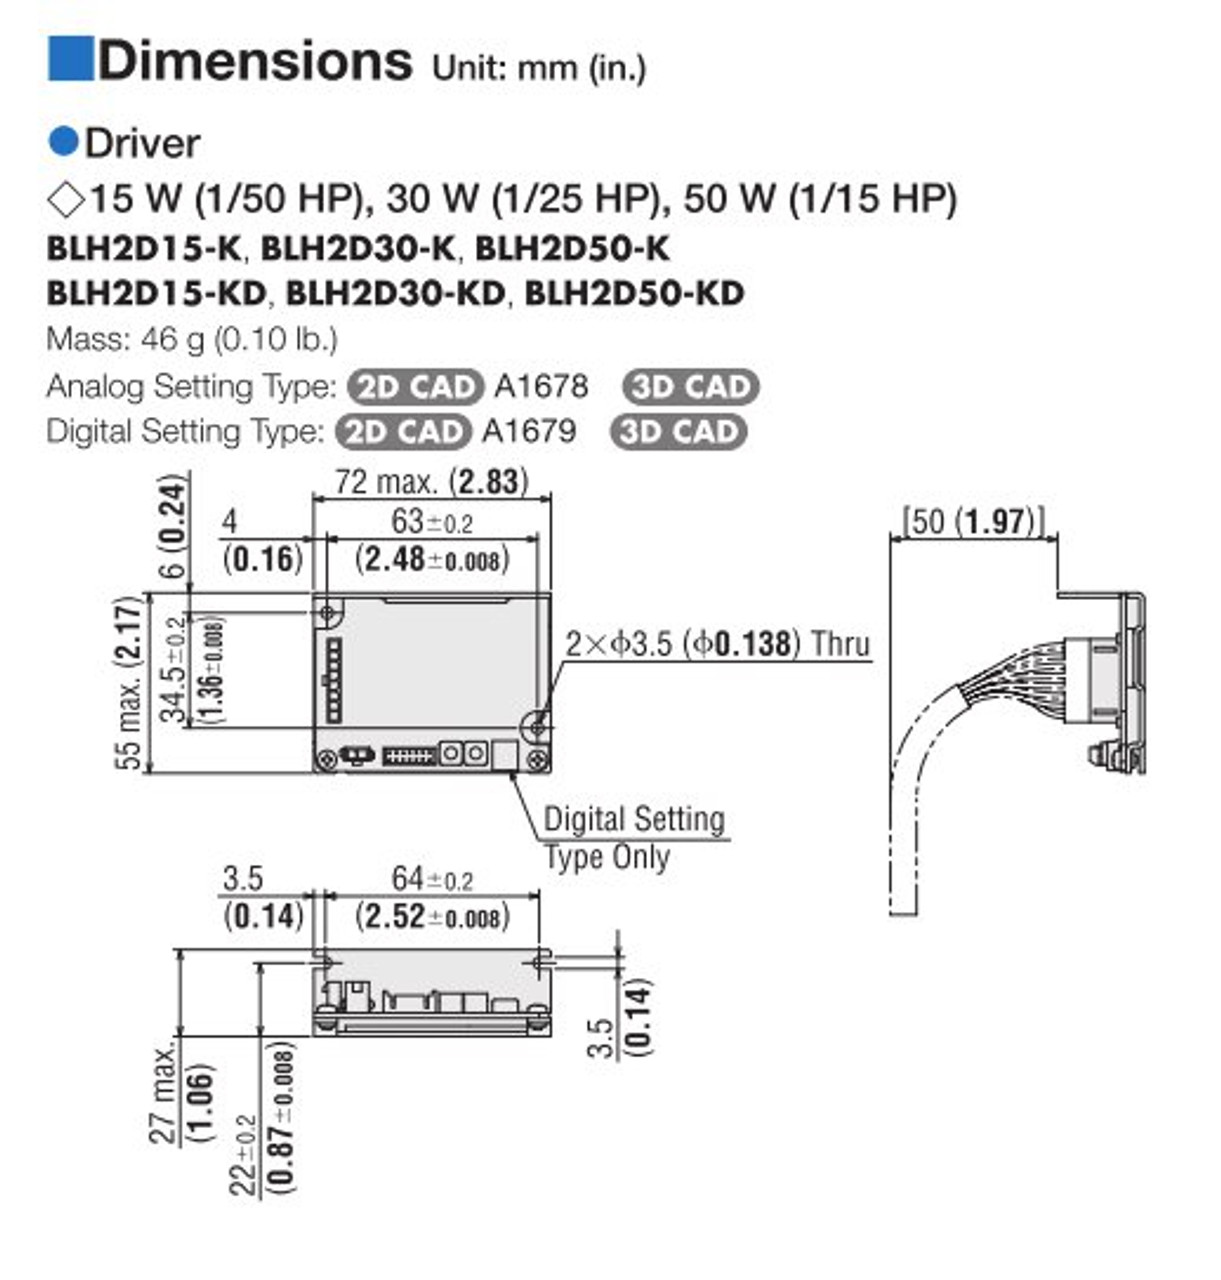 BLHM015K-15 / BLH2D15-KD - Dimensions
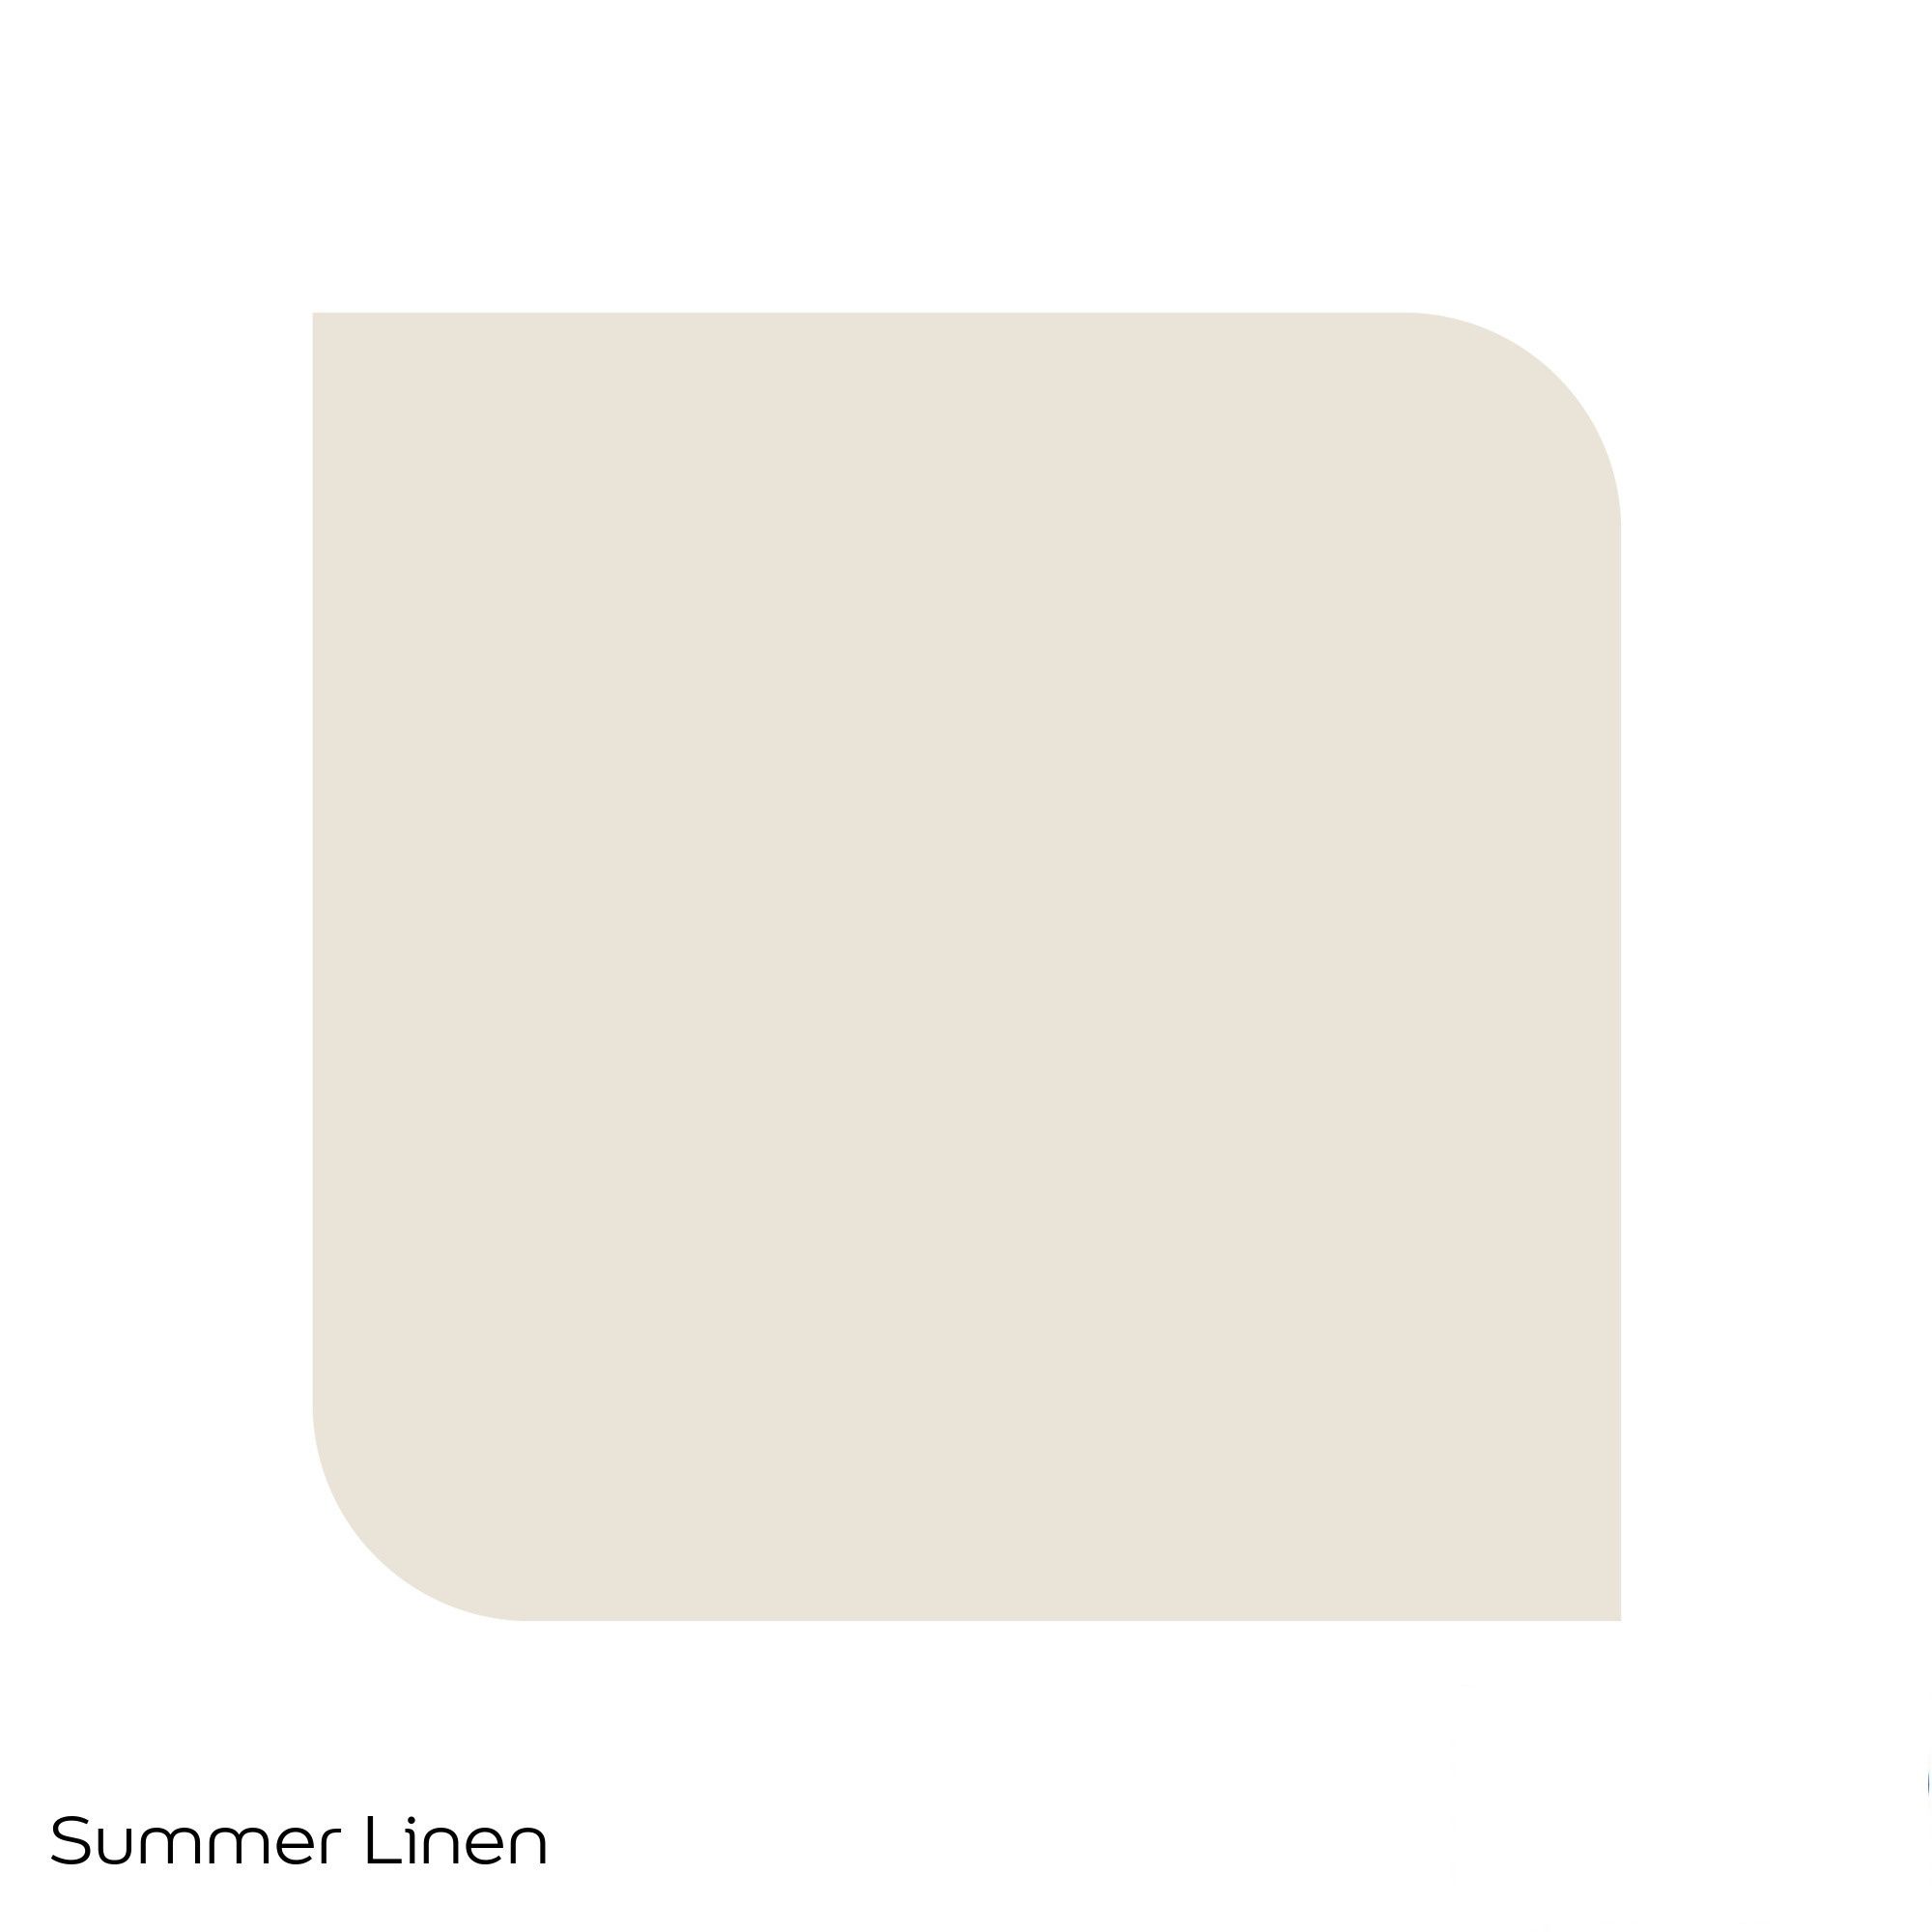 Dulux Standard Summer linen Matt Emulsion paint, 30ml Tester pot
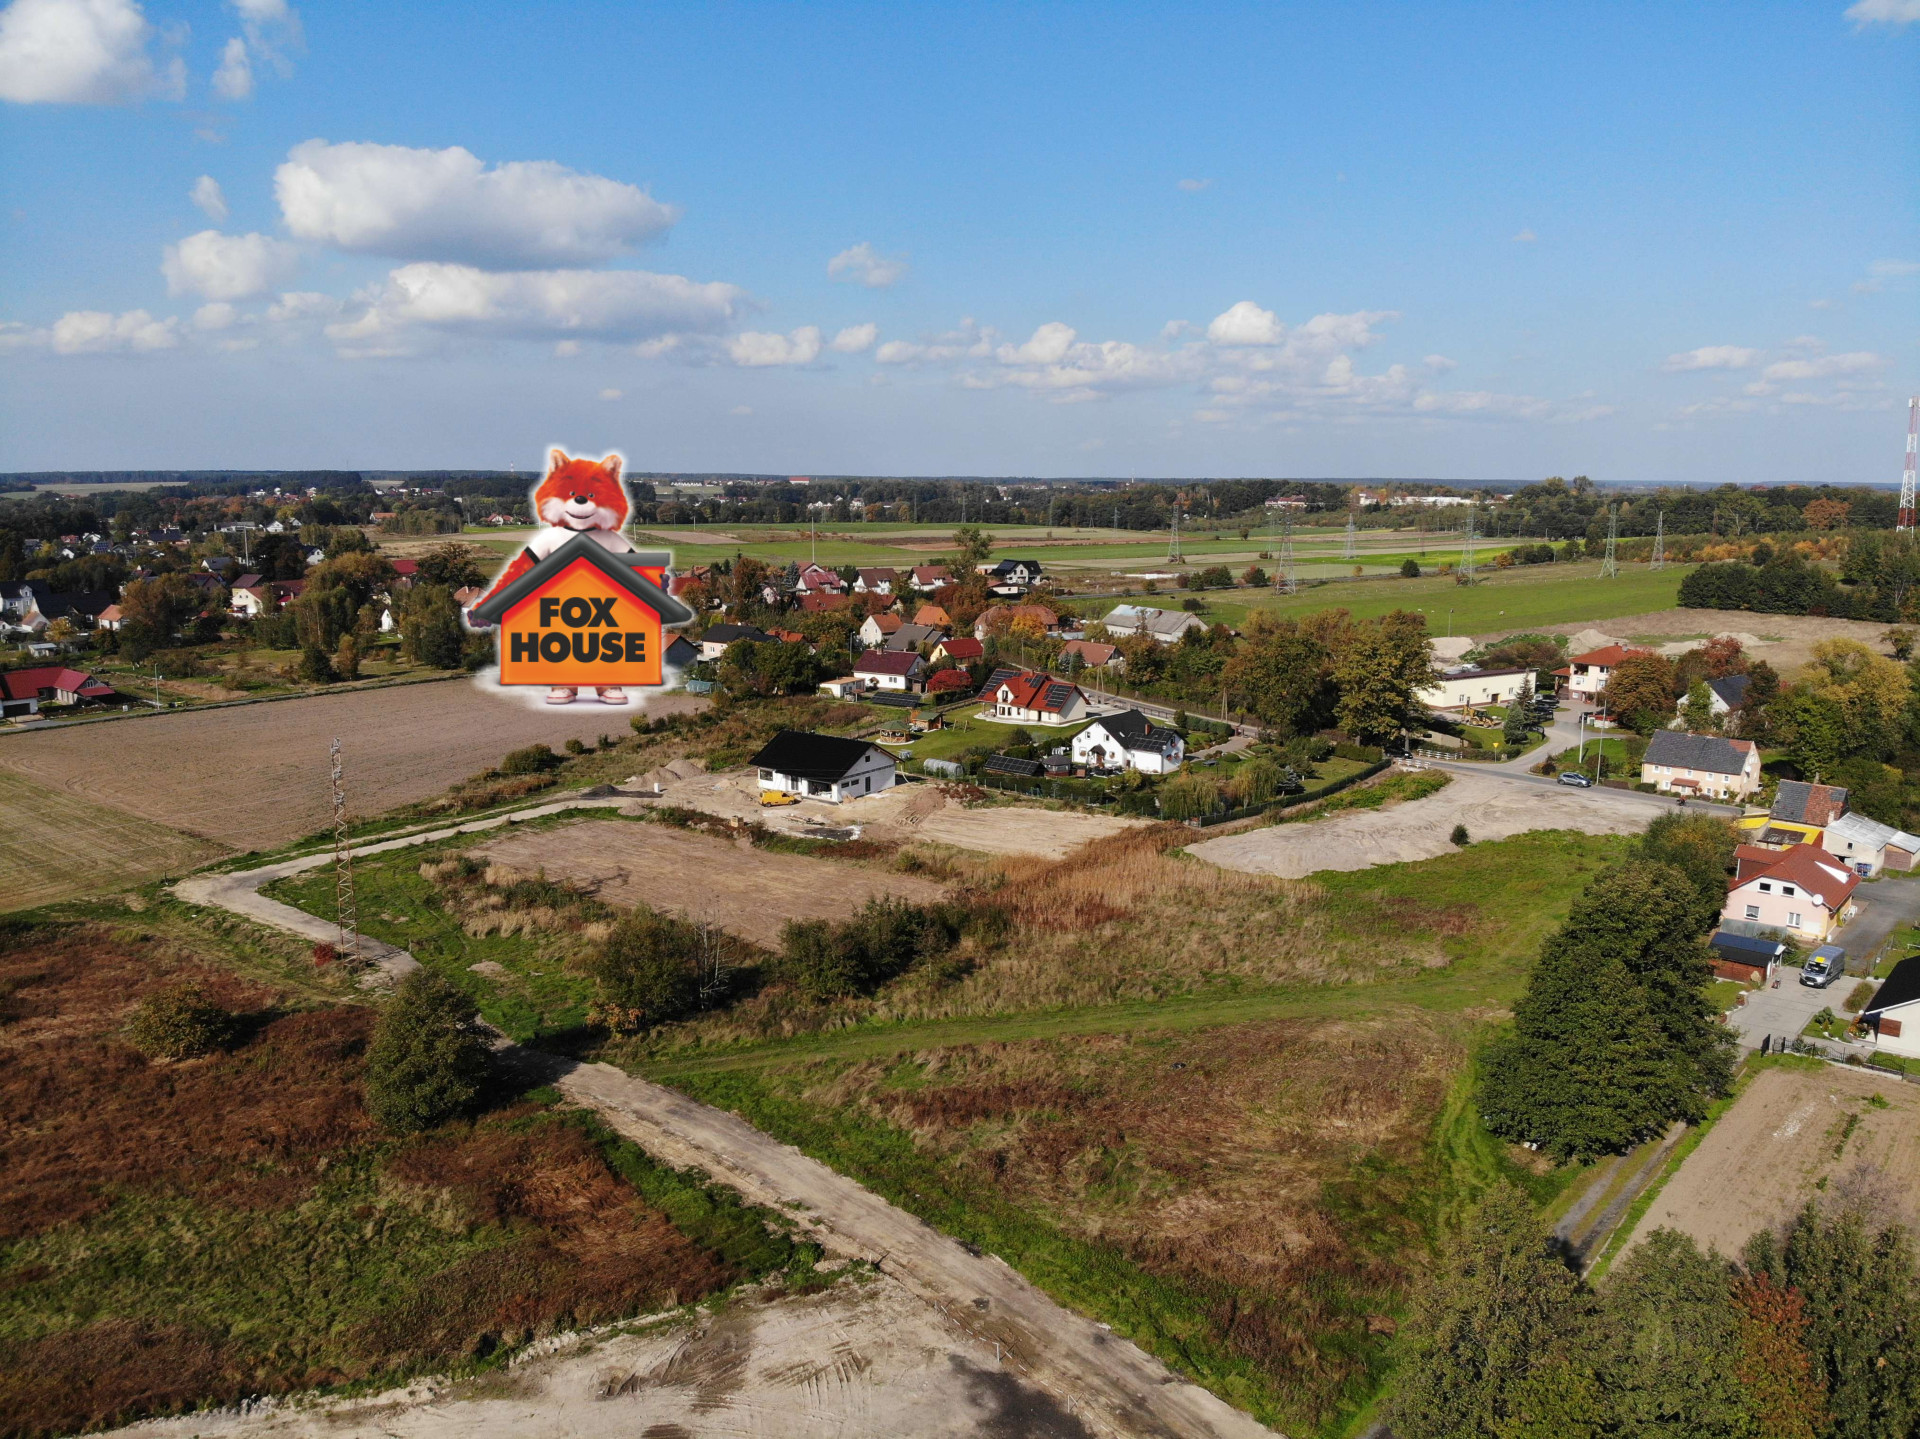 Działki budowlane pod miastem – 4km od centrum Bolesławca

▬▬▬

— What you should do —
Print, exactly and only, the lines running from the line with "Dulux Standard Summer" through the last line of the data, including both. Skip any picture.

— Solution for this task —
 Dulux Standard Summer linen Matt Emulsion paint, 30ml Tester pot
 Działki budowlane pod miastem – 4km od centrum Bolesławca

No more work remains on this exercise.